During this "hands-on" phase, BOLC II's curriculum will include physical-fitness training, foot marches, combatives training, advanced land-navigation training, rifle marksmanship, weapons training, practical exercises in leadership, nuclear, biological and chemical operations, use of night-vision equipment and several confidence courses featuring difficult obstacles that challenge students to overcome personal fears. Officers will graduate from BOLC II with greater confidence, a greater appreciation for the branches of the combined arms, and a clearer picture of their own personal strengths and weaknesses, officials said.
Immediately following BOLC II, officers will go to BOLC III, the branch technical phase, to learn the specialized skills, doctrine, tactics and techniques of their assigned branch. Since BOLC III is branch-specific, these courses will be taught at the appropriate TRADOC schoolhouse or training center and range from six to 14 weeks. The training is being revamped to make greater use of experiential training to enhance the quality and effectiveness of the branch-specific course, officials said.
Upon graduation from BOLC III, officers will proceed to their first unit or attend more assignment-oriented training.
"All this will be introduced to the Army in fourth quarter '06,"
Byrnes said. "The pilots [for BOLC II] begin fourth quarter '05 at Fort Benning. They'll continue to expand pilots again in second quarter '06, with the formal program for lieutenants going in place in fourth quarter 2006."
Byrnes is the Army leader responsible for BOLC, as TRADOC is the Army's executive agent for BOLC's implementation. TRADOC developed BOLC to replace the branches' officer basic courses based on Army Training and Leader Development Panel findings released in May 2001.
Pilot courses have been going on since Fiscal Year 2001-02, and TRADOC moved the transition from OBC to BOLC closer in FY04 by revising programs of instruction from those initial pilot courses. TRADOC will conduct the final single-site BOLC II pilot with 200 officers at Fort Benning in the fourth quarter of FY05 and update POIs again, if needed, officials said.

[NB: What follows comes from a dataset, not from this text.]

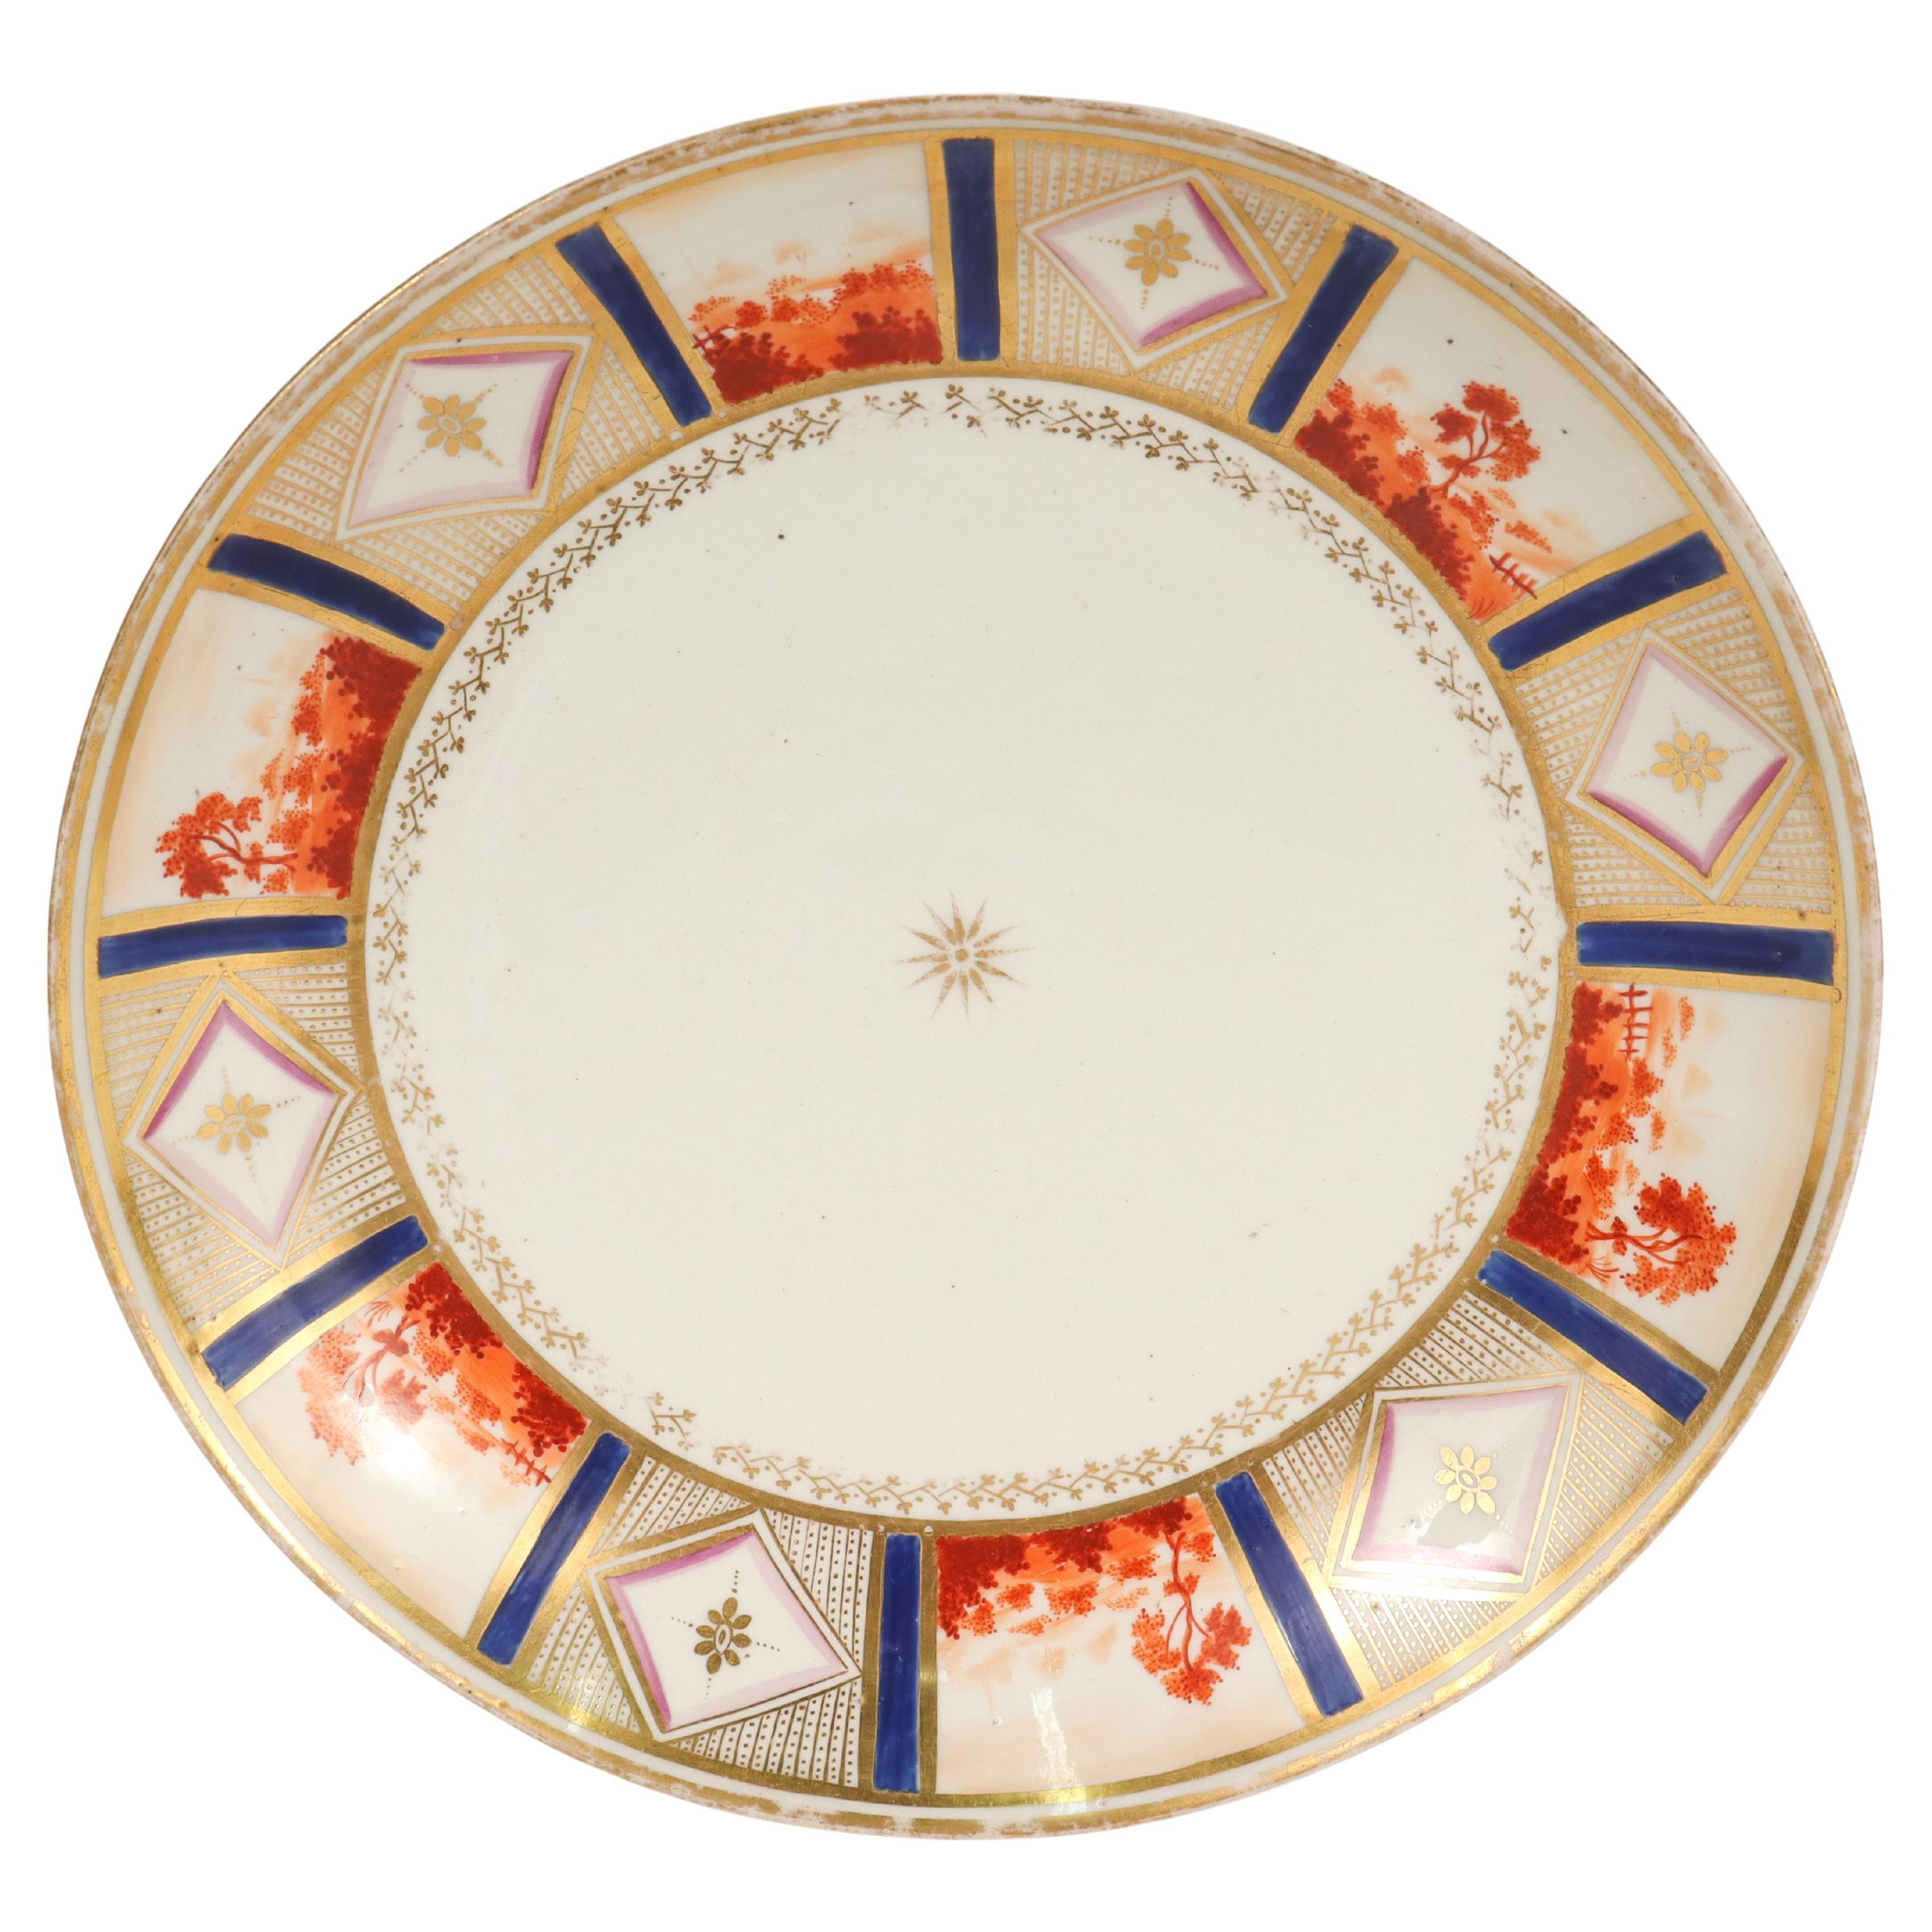 Antique New Hall English Porcelain Dish or Plate Pattern 435, PC For Sale

Multi-site BOLC II pilots will follow with 200 officers at each BOLC II site (Forts Benning, Bliss, Knox and Sill) in the second quarter of FY06, officials said. They said multi-site BOLC III pilots will be conducted in the second and third quarters of FY06.
As Byrnes said, full implementation of BOLC will begin in the fourth quarter of FY06.
U.S. Army Cadet Command is the proponent for BOLC I and II. Cadet Command is part of U.S. Army Accessions Command, which is TRADOC's major subordinate command serving as the functional proponent for initial military training.
Branch commandants are the proponents for the branch-specific BOLC III.
BOLC training is designed to be sequential and progressive, and most officers will attend the three phases in logical sequence, officials said. But they added that In some cases, particularly with special branch officers, it may be necessary to attend BOLC II after BOLC III.